Traditional Culture Encyclopedia - Traditional customs - What are the differences and connections between cost, demand and competition-oriented pricing methods?

What are the differences and connections between cost, demand and competition-oriented pricing methods?

The first and most basic pricing method-cost-oriented pricing method, also known as accounting pricing method.

Method is a pricing method based on the unit cost of products to set the most favorable price for enterprises. It is the first method to be considered in enterprise pricing. Cost is the actual consumption in the production and operation of an enterprise, which objectively requires compensation by selling goods in order to obtain income greater than its expenditure, and the excess is manifested as enterprise profit. As the most commonly used and basic pricing method for Chinese and foreign enterprises. Its advantages are obvious: the calculation method is simple and easy, and the data is easy to obtain. It can ensure that all the costs of the enterprise are compensated and normal profits are obtained. Conducive to maintaining price stability. When the demand increases,

The product price will not increase, but the fixed bonus can make the enterprise get higher profits. Enterprises in the same industry can reduce or avoid price competition as long as the bonus ratio is close and the set price is close. It is fair to both buyers and sellers, the seller can get normal profits, and the buyer will not feel extra exploitation. It is widely used in leasing, construction, service, scientific research project investment and wholesale and retail enterprises. At the same time, many enterprises take the price set in this way as a reference. Of course, no matter how perfect the method is, there will be some shortcomings due to various factors such as market changes. The main disadvantages are as follows: as a seller-oriented pricing method, it ignores the change of product demand elasticity and cannot adapt to the rapidly changing market requirements. Ignoring the change of product life cycle and lacking due competitiveness are not conducive to enterprises to participate in competition. It is not conducive to enterprises to reduce product costs, easy to cover up abnormal operating expenses, and not conducive to enterprises to improve efficiency. Price is a subjective forecast based on sales volume, which reduces the scientificity of price setting.

Second, the competition-oriented pricing method, popularly speaking, is to price according to the price of competitors-it can be the same, it can be high or low. The price adjustment mainly depends on whether the competitors change, and pricing with the market.

This method mainly considers the competitiveness of product prices in the market. With the pricing and market analysis made by competitors, it is conducive to stand out in a completely competitive market. However, this method pays too much attention to price competition, easily ignores the competitive advantages that other marketing combinations may cause product differentiation, easily causes competitors to retaliate, leads to vicious price reduction competition, and makes the company unprofitable.
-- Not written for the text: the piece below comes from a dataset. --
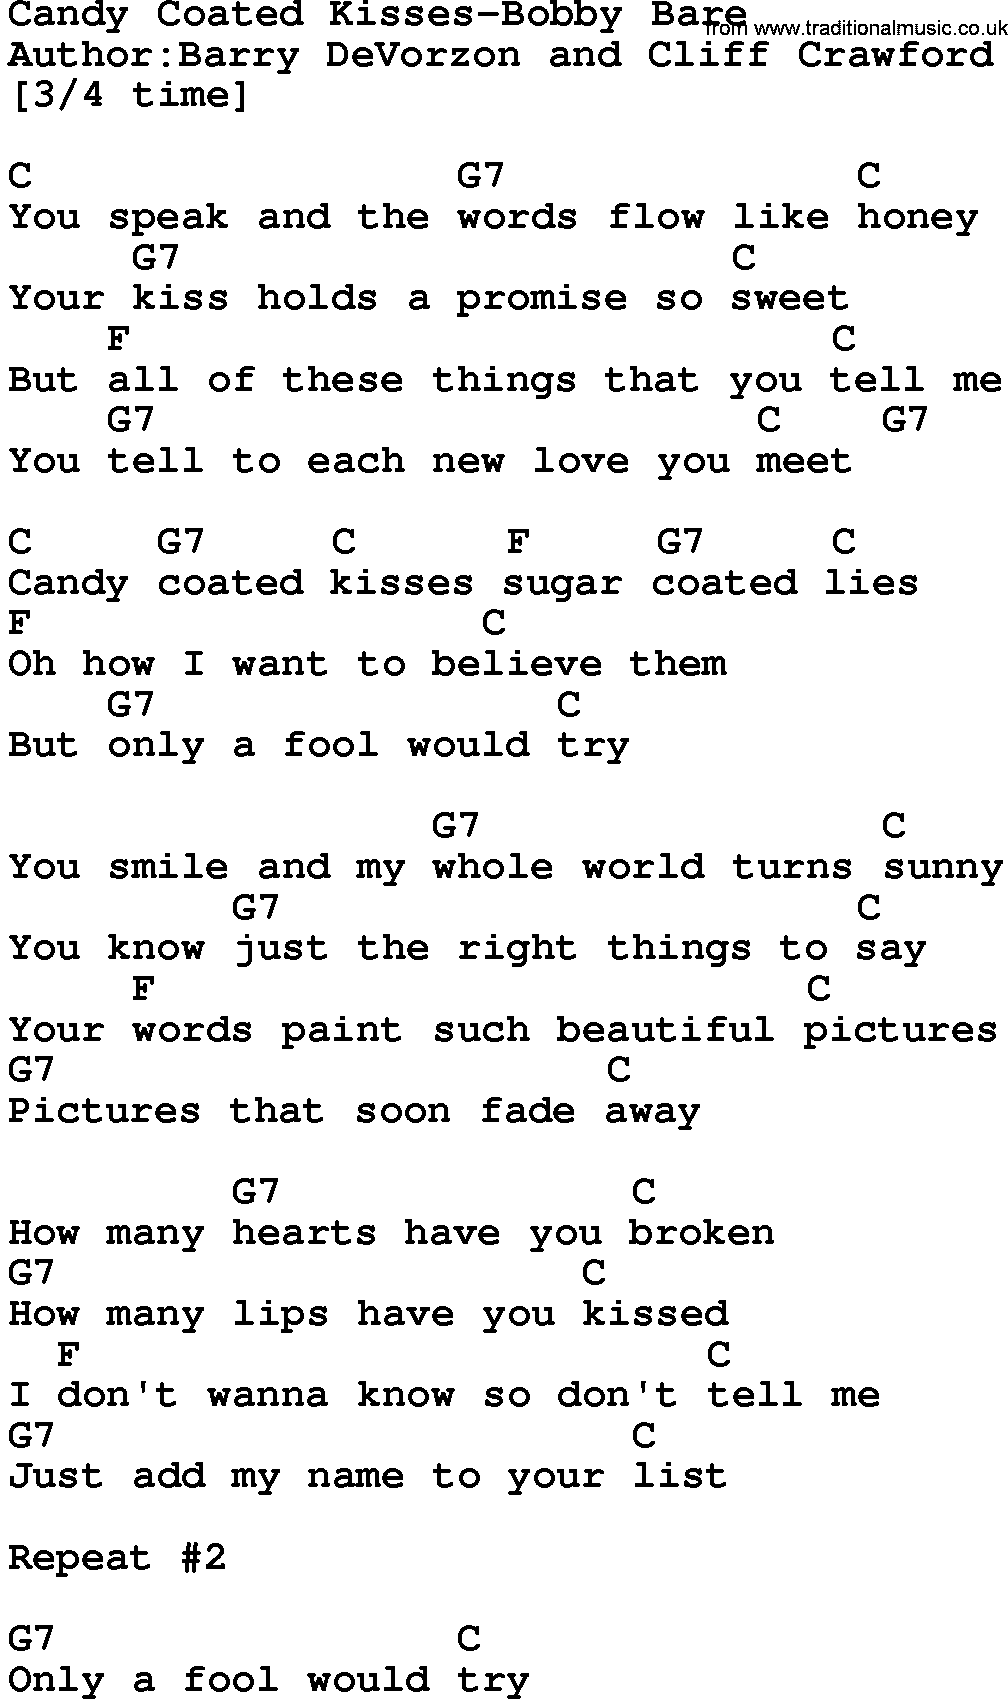 Country music song: Candy Coated Kisses-Bobby Bare lyrics and chords

However, in fact, it is impossible to accurately estimate the price changes of competitors.

Third, customer-oriented pricing method, also known as demand-oriented pricing method and market-oriented pricing method, refers to a pricing method in which enterprises determine product prices according to market demand and different reactions of consumers. Customer-oriented pricing method makes flexible and effective use of price differences. For the same product with the same average cost, the price changes with the change of market demand, which better adapts to the market economy. However, this method needs to determine the consumer's perception value of different products, which is difficult to measure and time-consuming and laborious.

Conclusion:

Cost-oriented pricing, competition-oriented pricing and demand-oriented pricing are quite different in simplicity, risk, speculation and upfront investment. But everyone has his own value and applies to different commodities. In the realistic market economy, we can't stick to one pricing method. We should combine the actual situation and adopt a variety of complementary pricing methods to better adapt to the market.